Pani Daumont miała zwyczaj oddawna, jak Ludwik XIV-ty, przy każdej sposobności wyrażać się: Ja. — Ona sama rządziła domem, prowadziła rachunki i nigdy nie mówiła inaczej, jak tylko: — Uczyniłam to. — Postanowiłam. — Miałam wizytę takiej to osoby. — To mnie kosztuje tyle, i t. d.

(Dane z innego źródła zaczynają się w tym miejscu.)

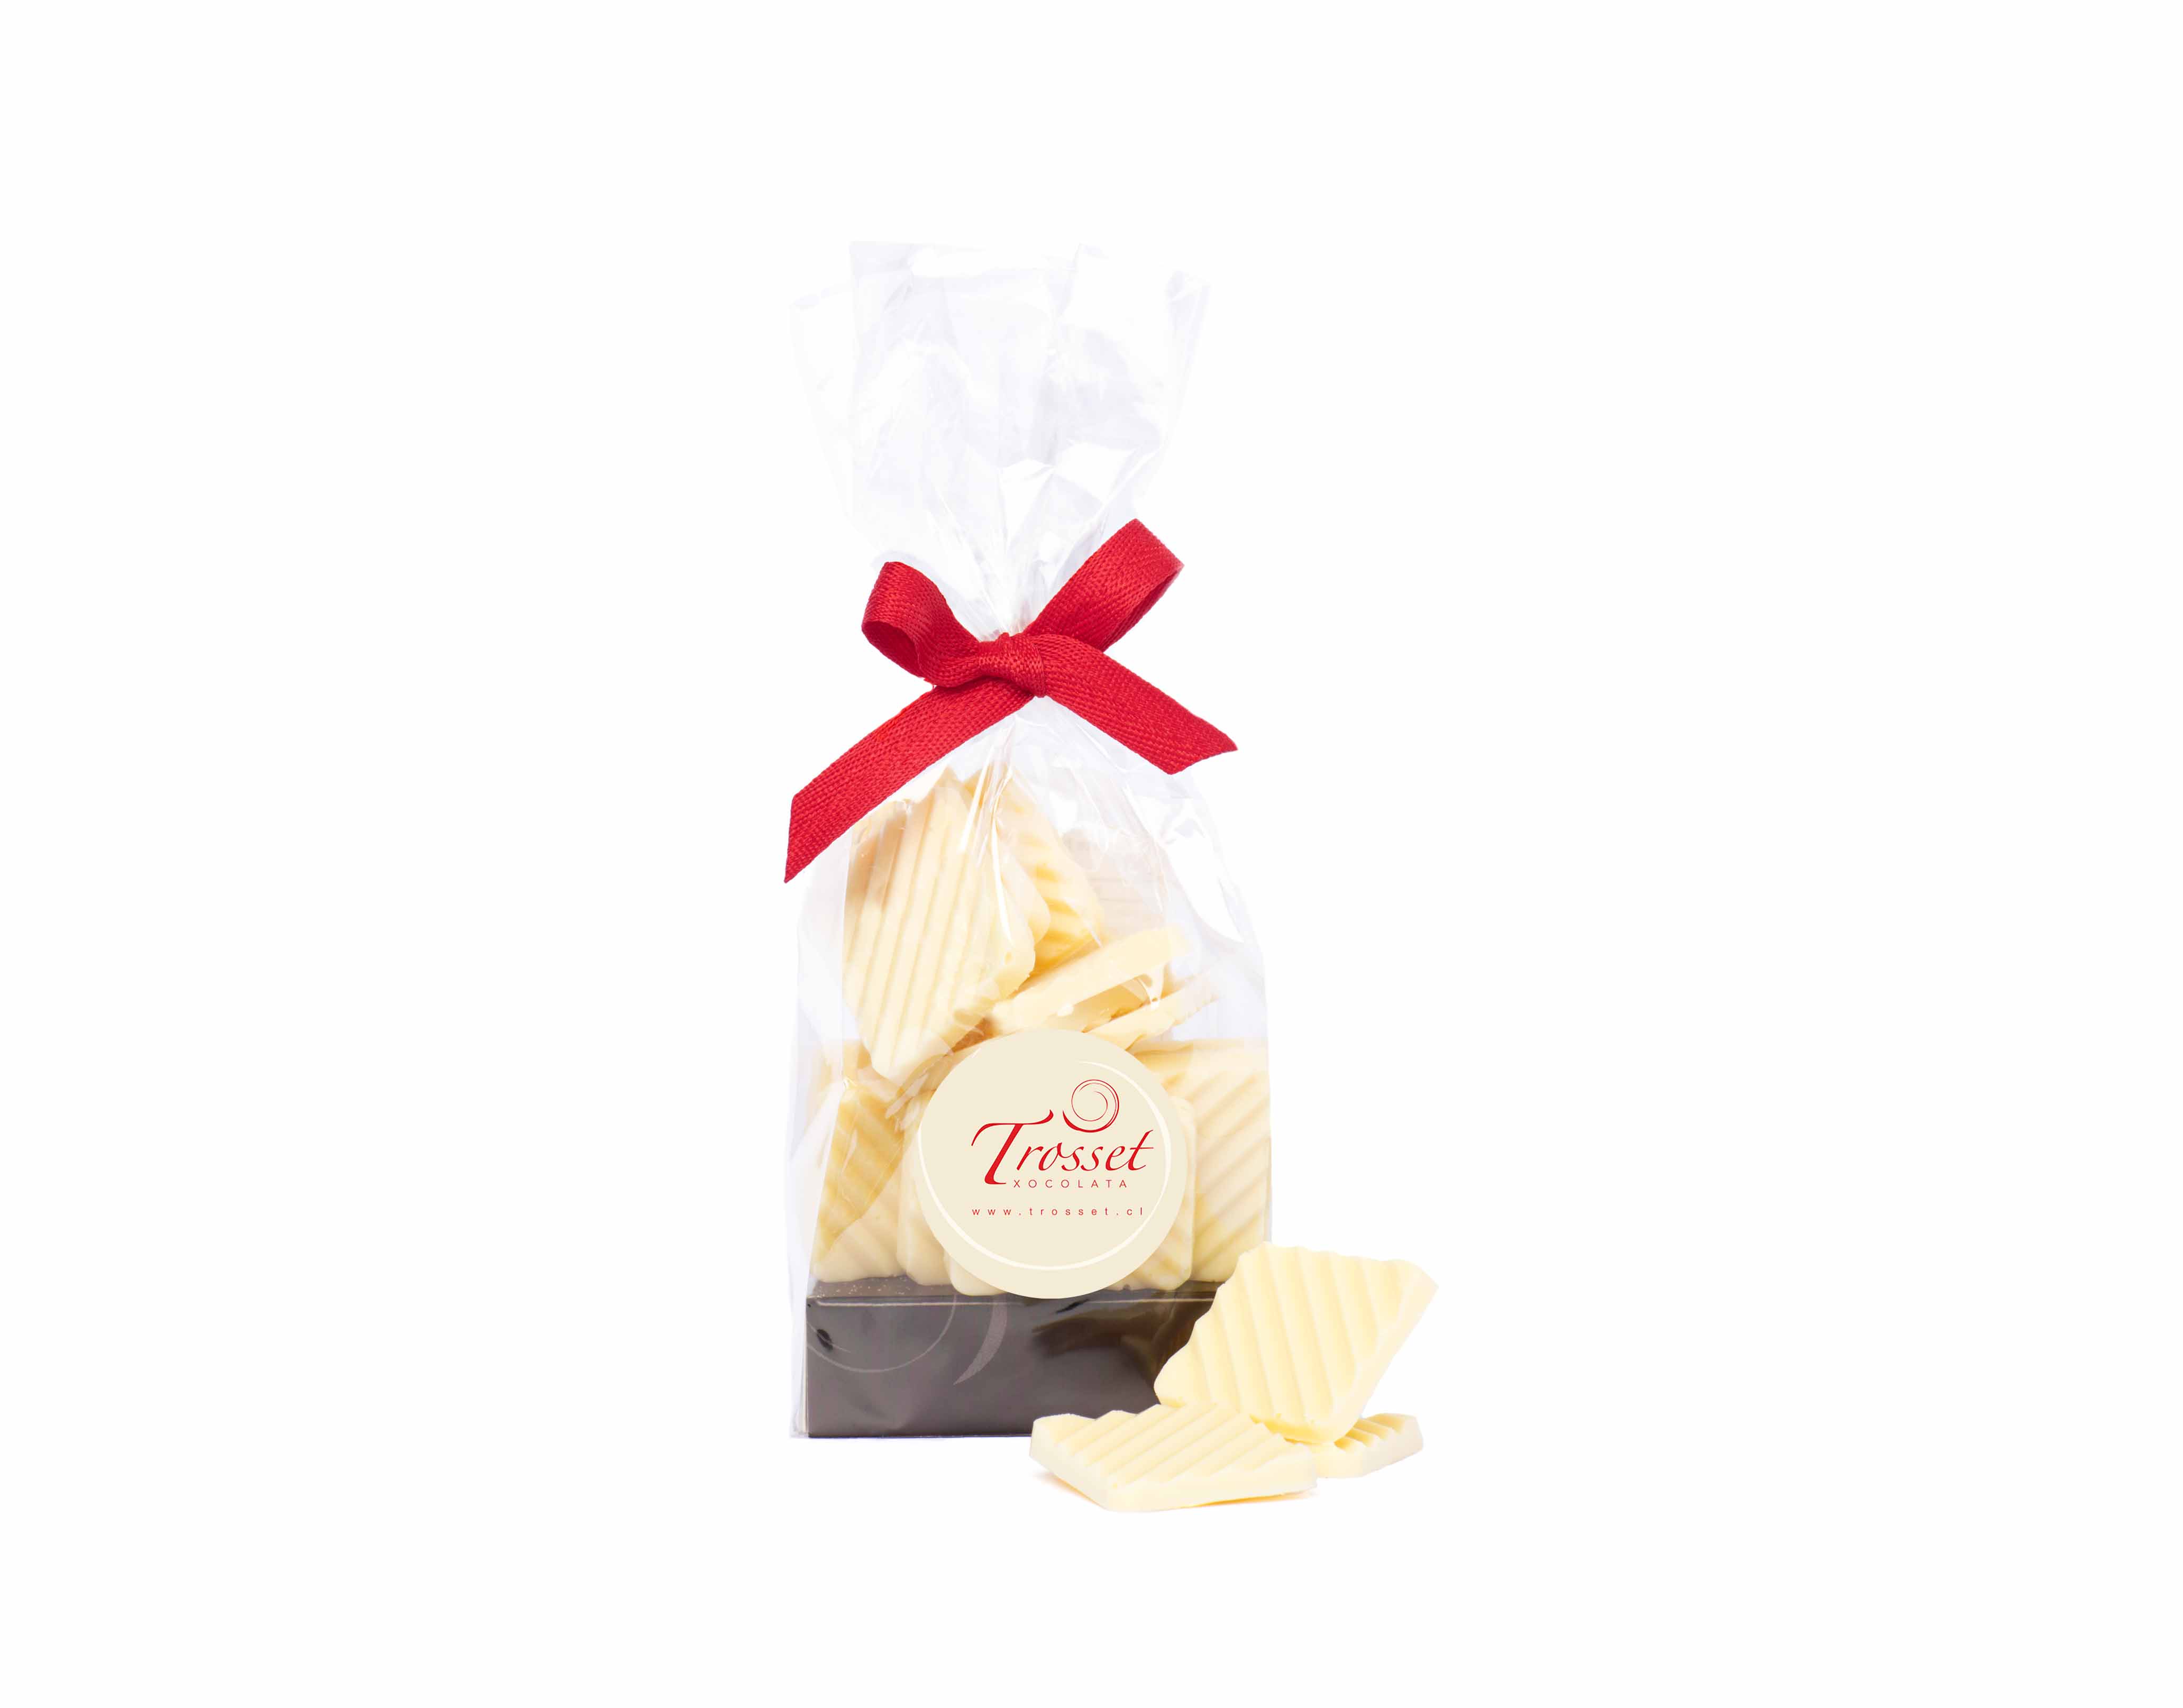 Tableta artesana de chocolate blanco sin azúcar: Nuestros productos de  Chocolates Sierra Nevada

Mąż nie znaczył nic, był zupełnem zerem i jakby nie istniał wcale.
W odpowiedzi na słowa małżonki, puścił kłęb dymu i rzekł:
— Na honor... nie myślałem o tem:
— Byłam tego pewną — rzekła tonem ponurym. — Alboż ty kiedy myślisz o czem!... Abyś tylko miał dobry obiad, nowalijki, dobre wino, trochę drobych na tytoń, absyst i kufel piwa, a nadto partnerów do bezika, reszta cię nic nie obchodzi!
— Czyż to rzeczą mężczyzny zajmować się sprawami domowemi? Mam dość pracy biurowej! — odpowiedział pomocnik naczelnika.
— Zawsze ta sama śpiewka! Cóż chcesz?... I ty zawsze to samo mi śpiewasz!
— Krótko mówiąc, zrobiłam rachunek...
— Rachunek czego?
— Moich wydatków.
— Bardzo dobrze! Tak należy kobiecie porządnej. No, i jakiż?
— Umeblowanie pokoju Teresy tysiąc sto franków. Suknie i bielizna (a miała tylko wyprawę pensjonarską i to już mocno zużytą), dwa tysiące ośm-
Strona:PL De Montepin - Macocha.djvu/88
Ta strona została skorygowana.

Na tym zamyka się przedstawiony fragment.